*The task*
Transcribe the listing in full, excluding any pictures.

Given data START

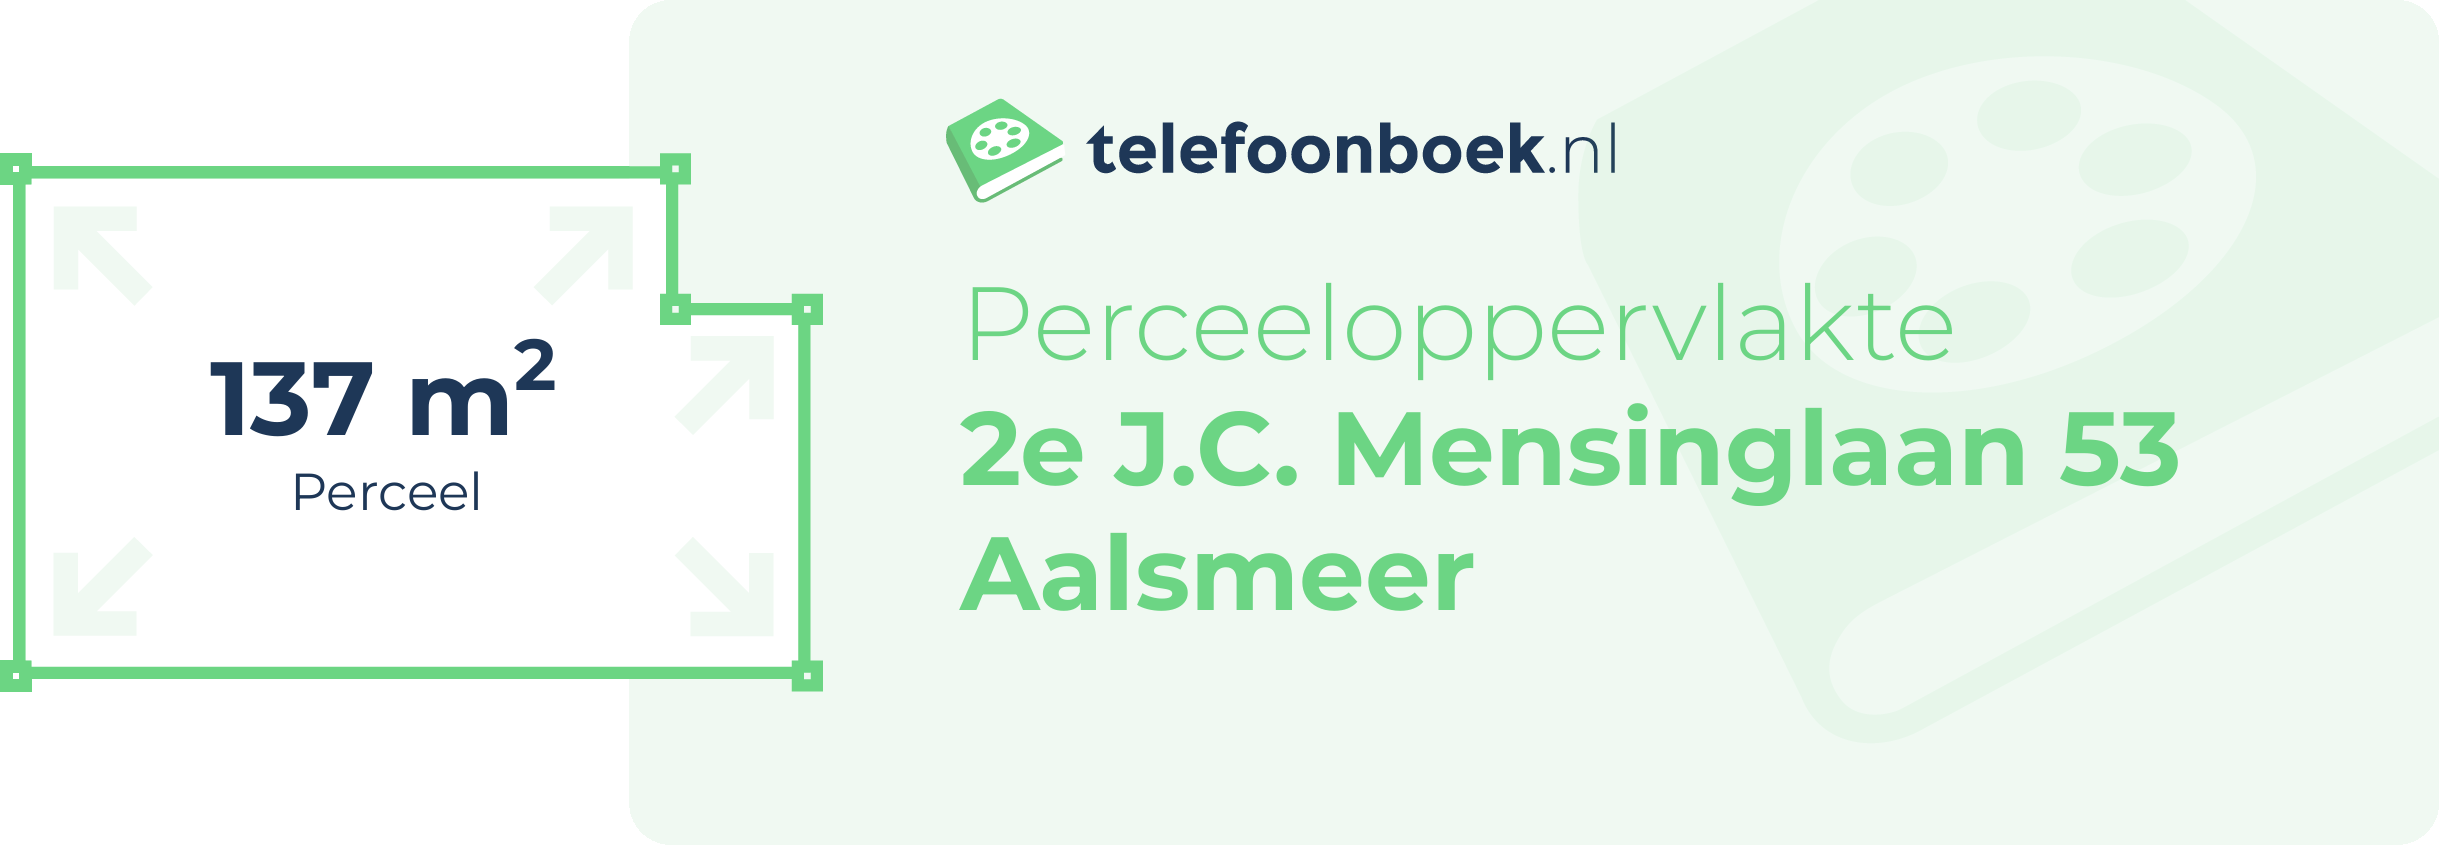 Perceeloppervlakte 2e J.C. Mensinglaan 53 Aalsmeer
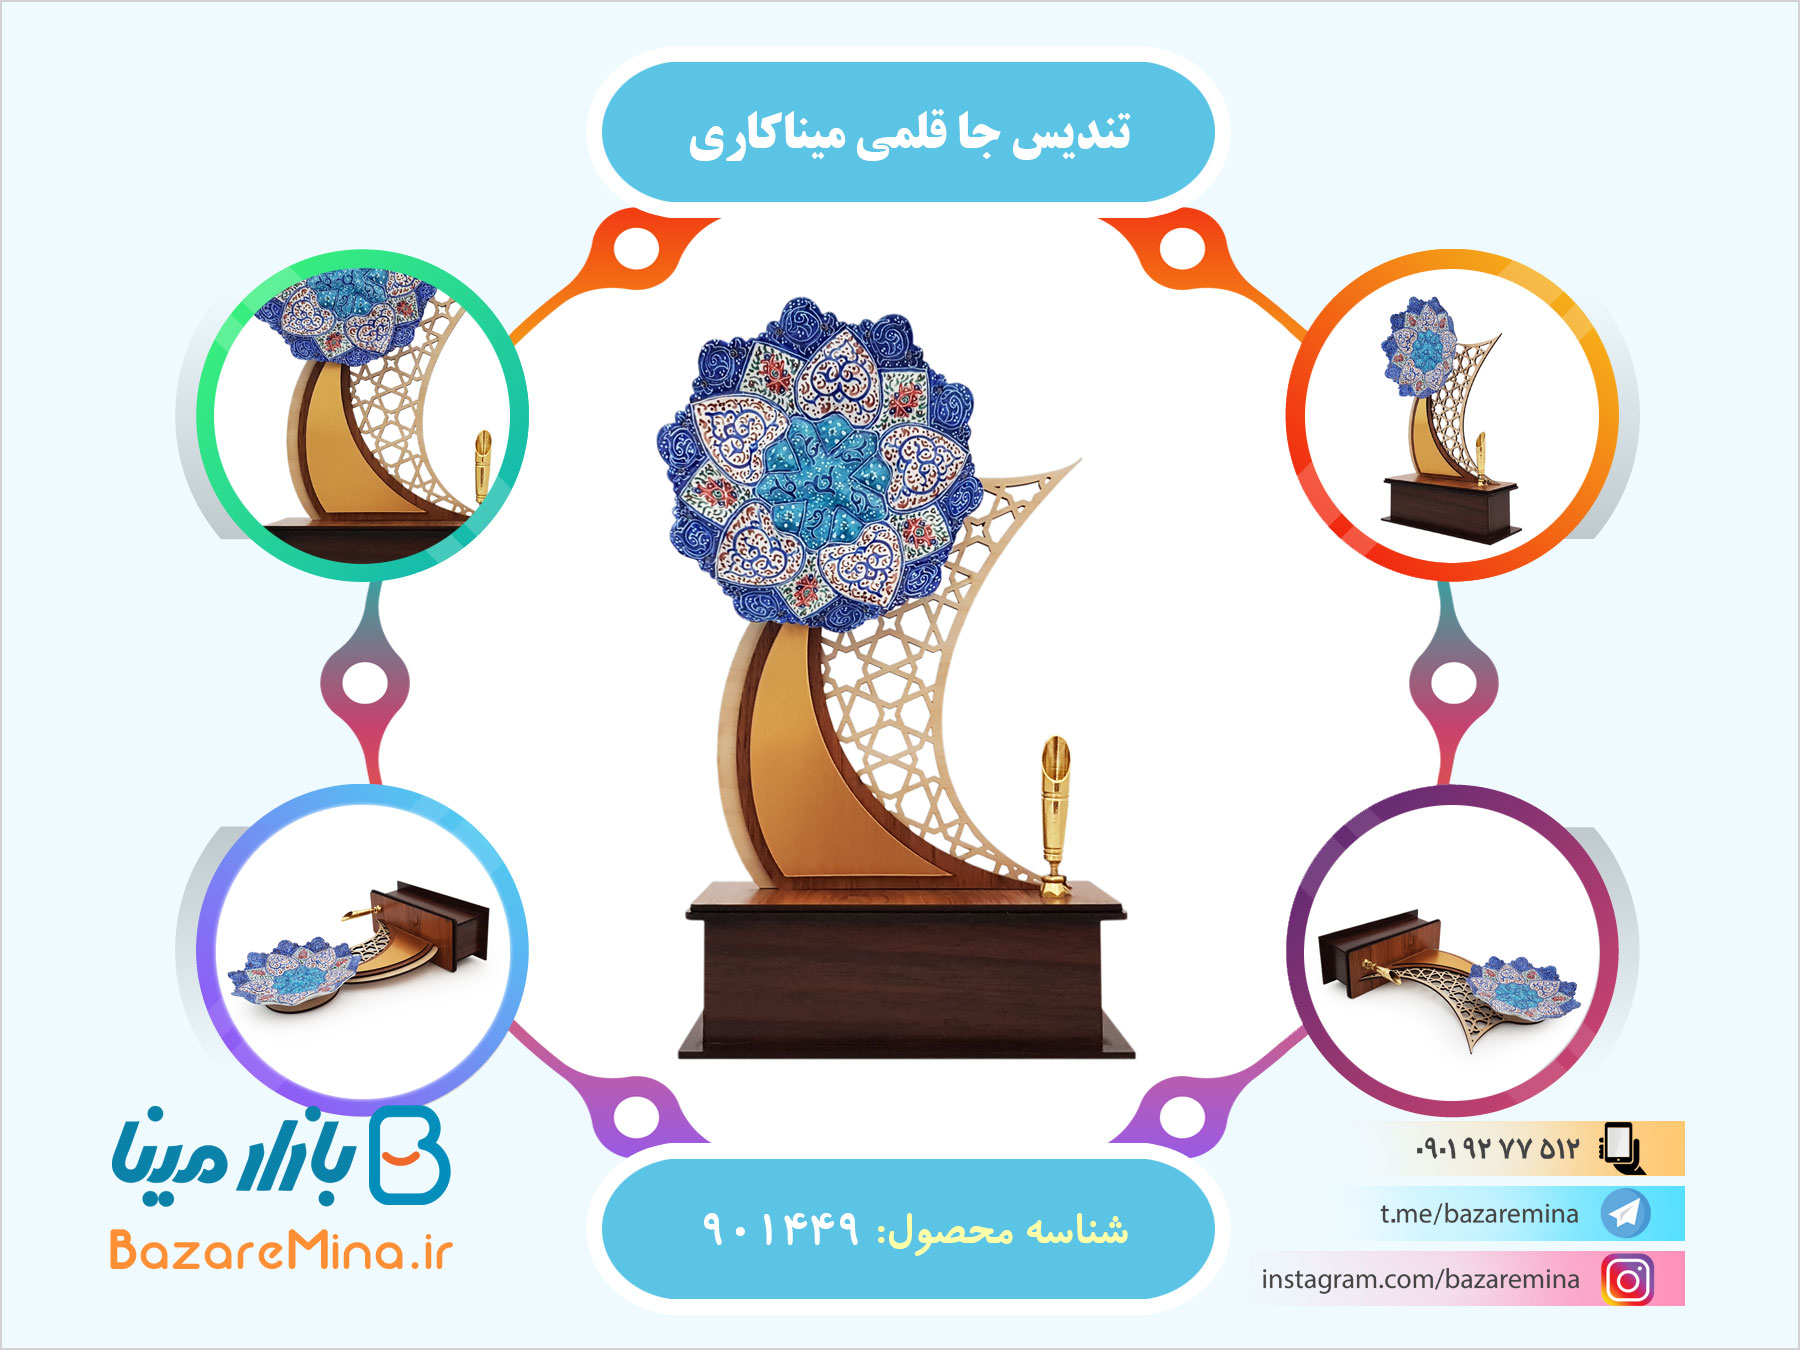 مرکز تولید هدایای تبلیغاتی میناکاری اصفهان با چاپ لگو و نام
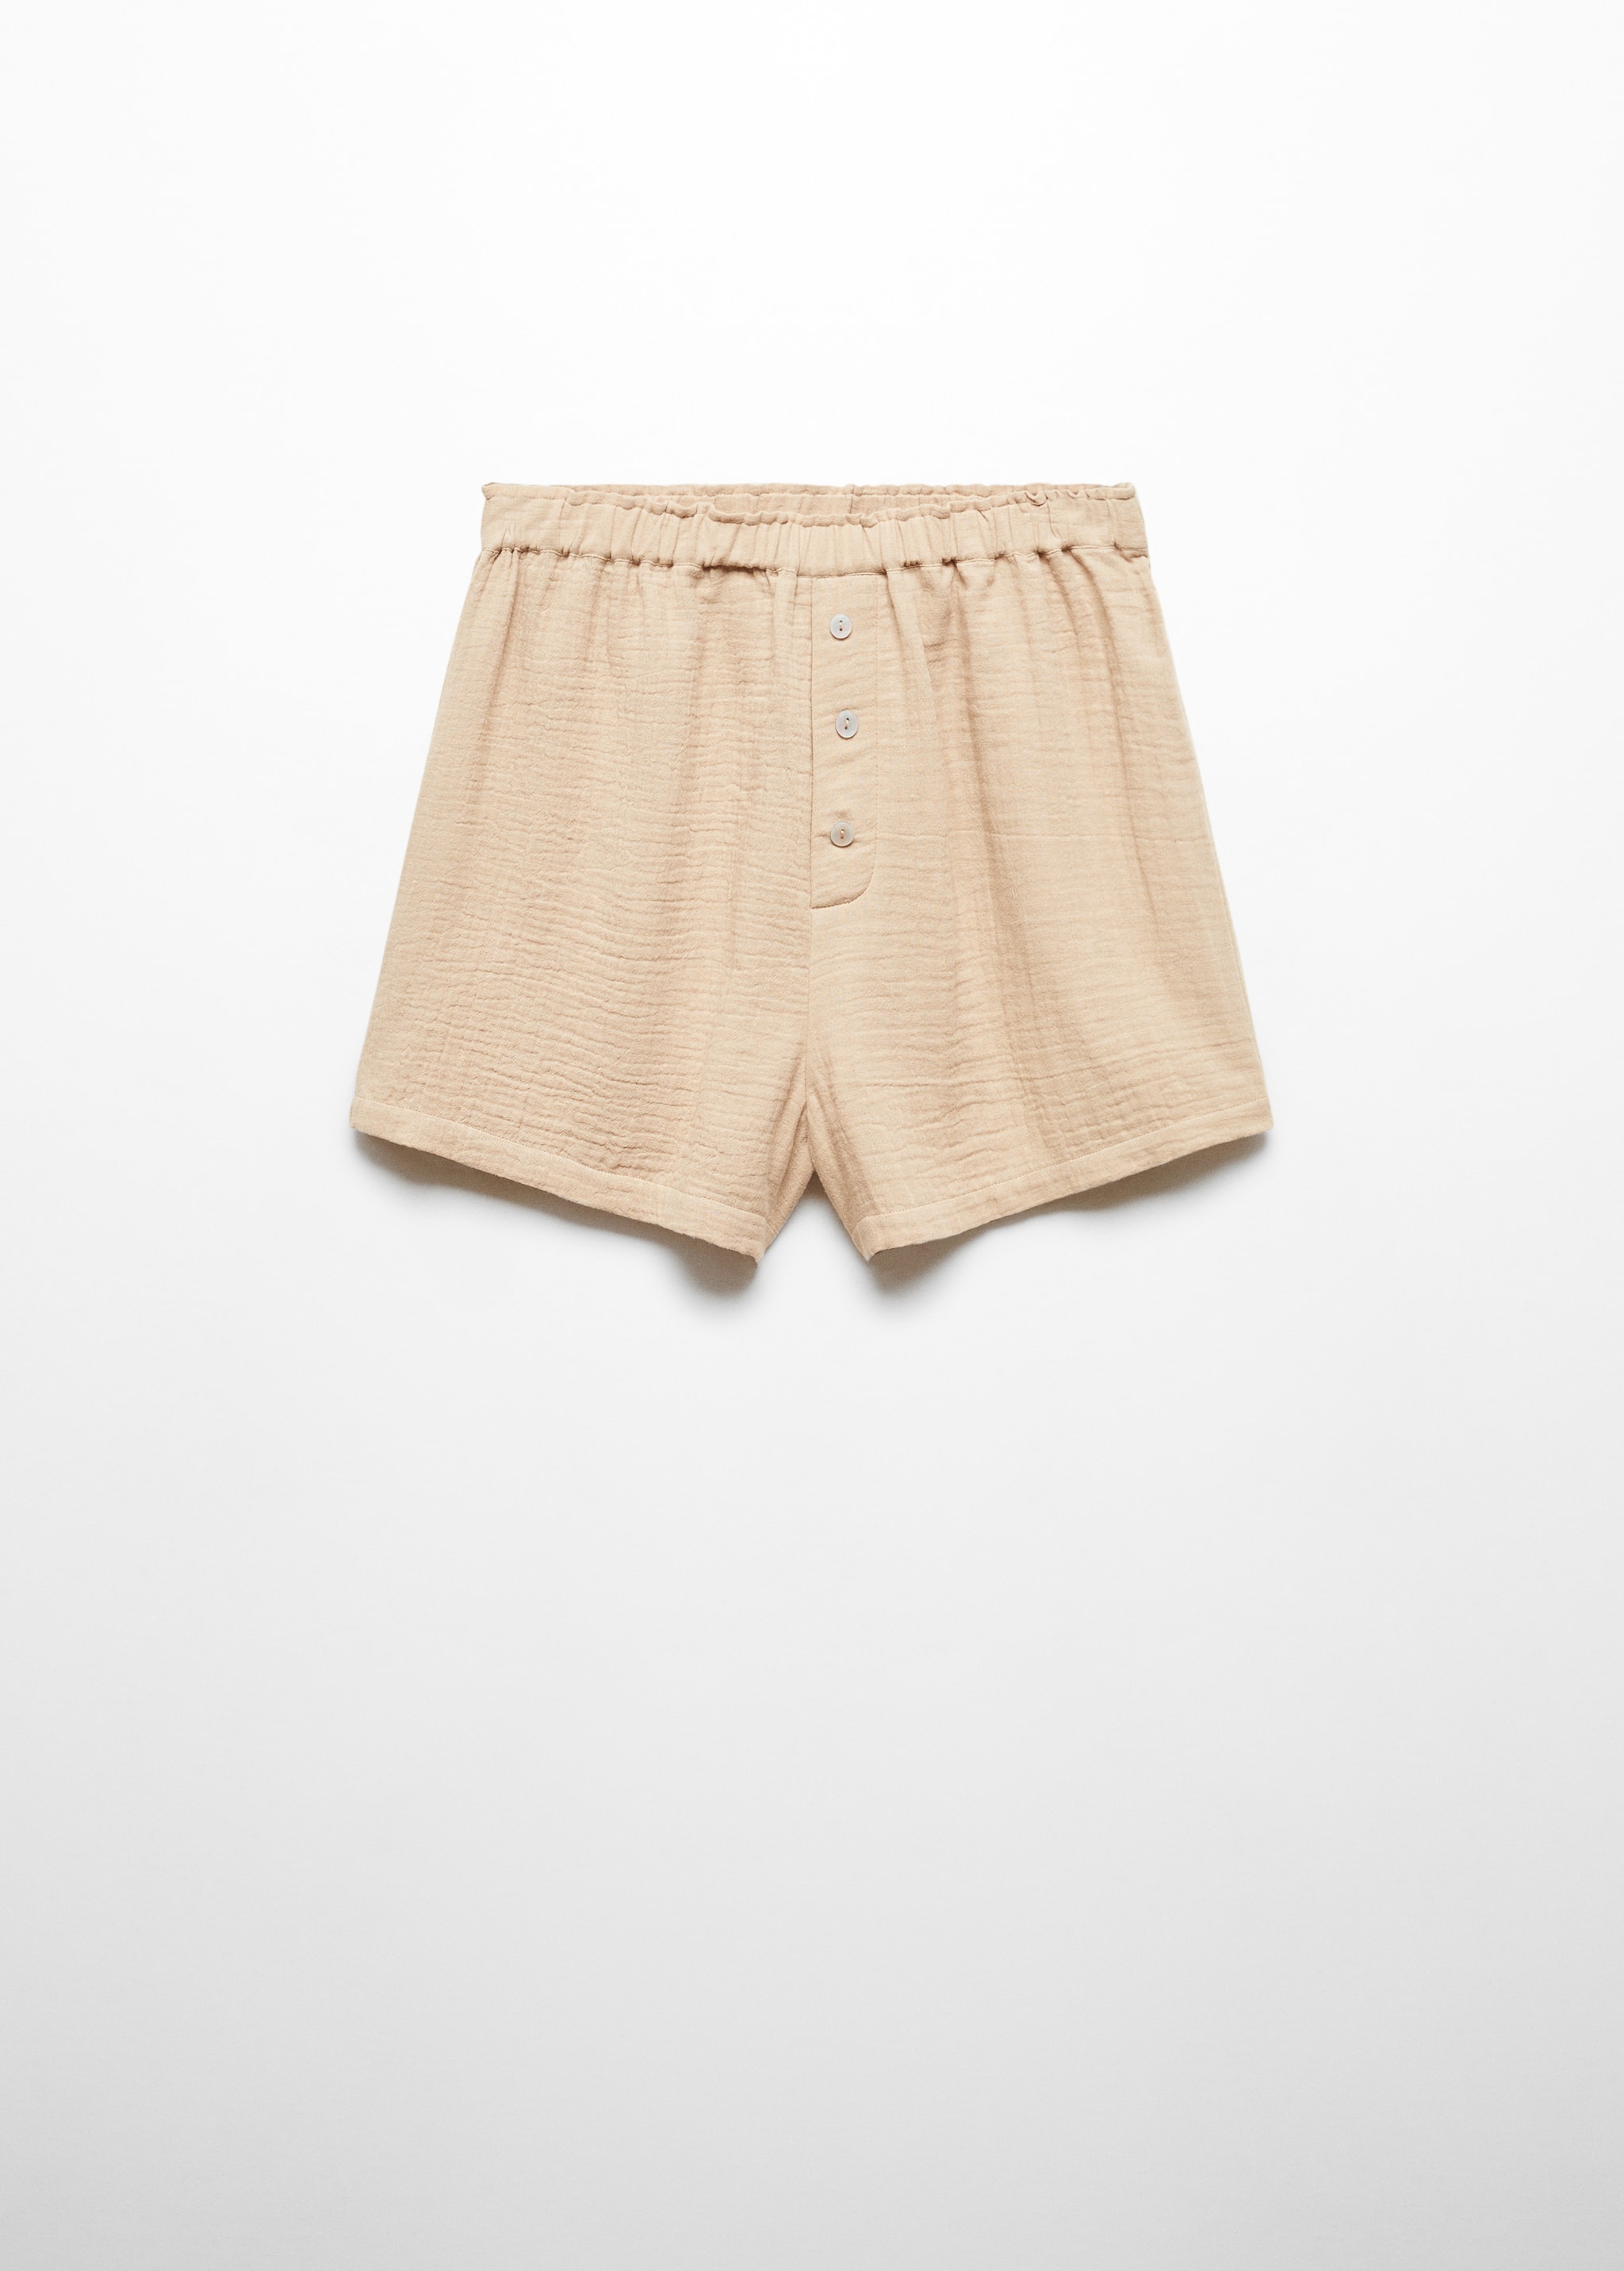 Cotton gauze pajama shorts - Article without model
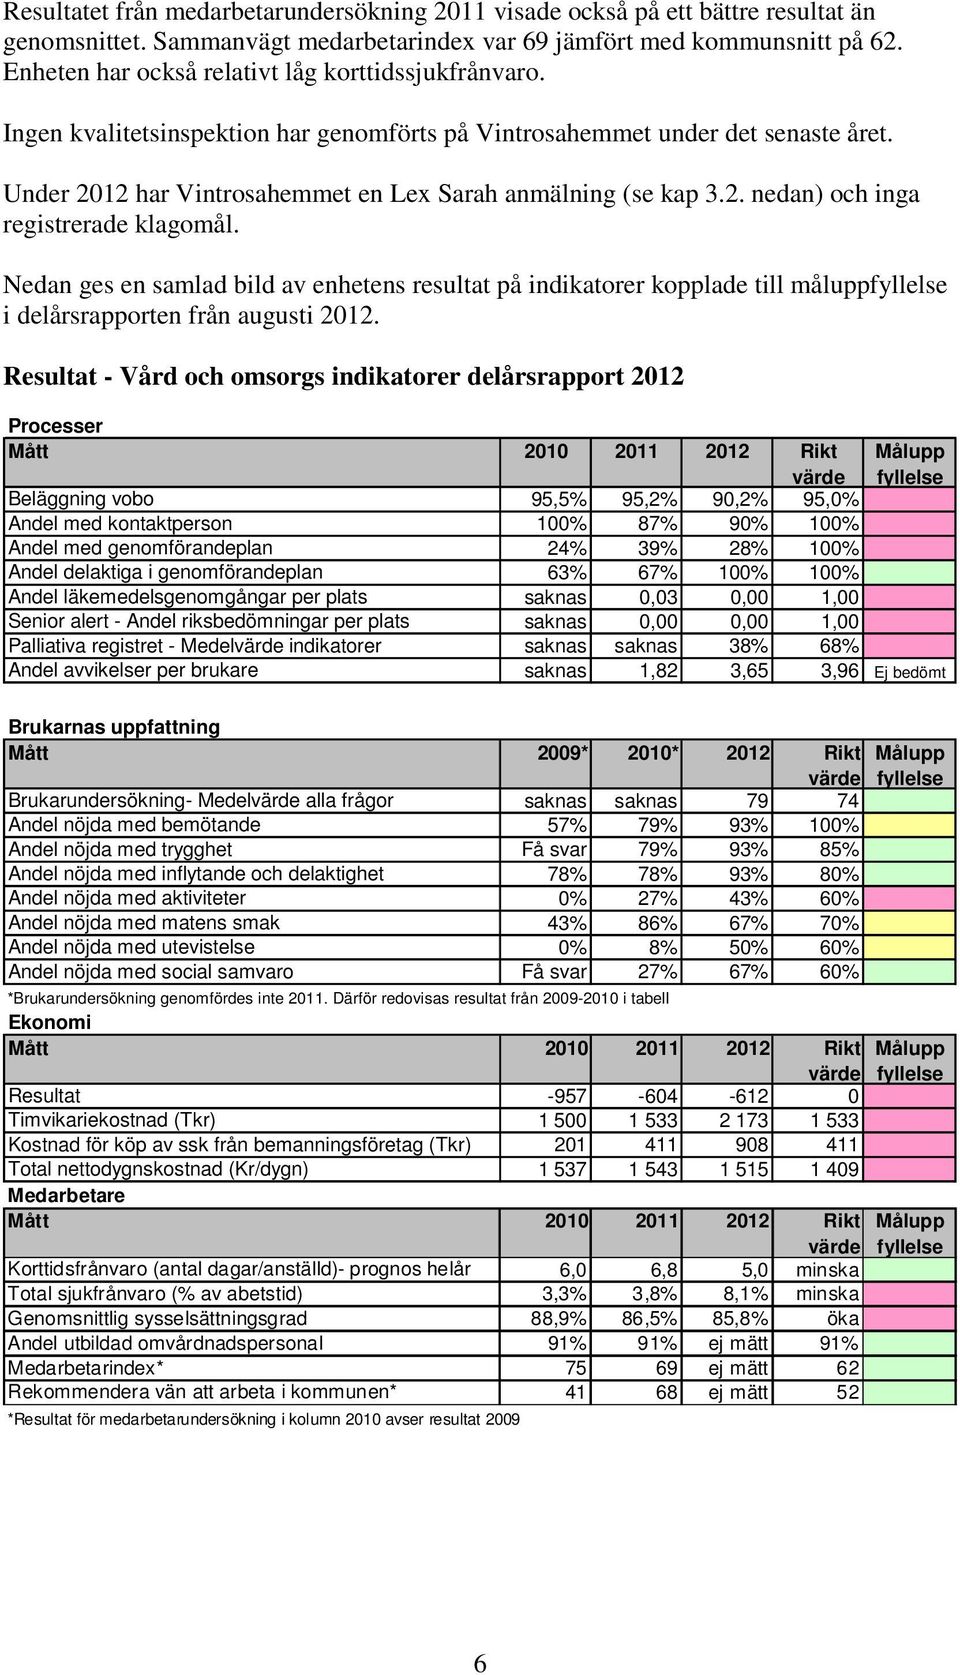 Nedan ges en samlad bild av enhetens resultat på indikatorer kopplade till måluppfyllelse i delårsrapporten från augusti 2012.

Given data END

*Solution for this problem*
 Perceeloppervlakte 2e J.C. Mensinglaan 53 Aalsmeer
 مرکز تولید هدایای تبلیغاتی میناکاری اصفهان با چاپ لگو و نام
 Cotton gauze pajama shorts - Article without model
 Nedan ges en samlad bild av enhetens resultat på indikatorer kopplade till måluppfyllelse i delårsrapporten från augusti 2012.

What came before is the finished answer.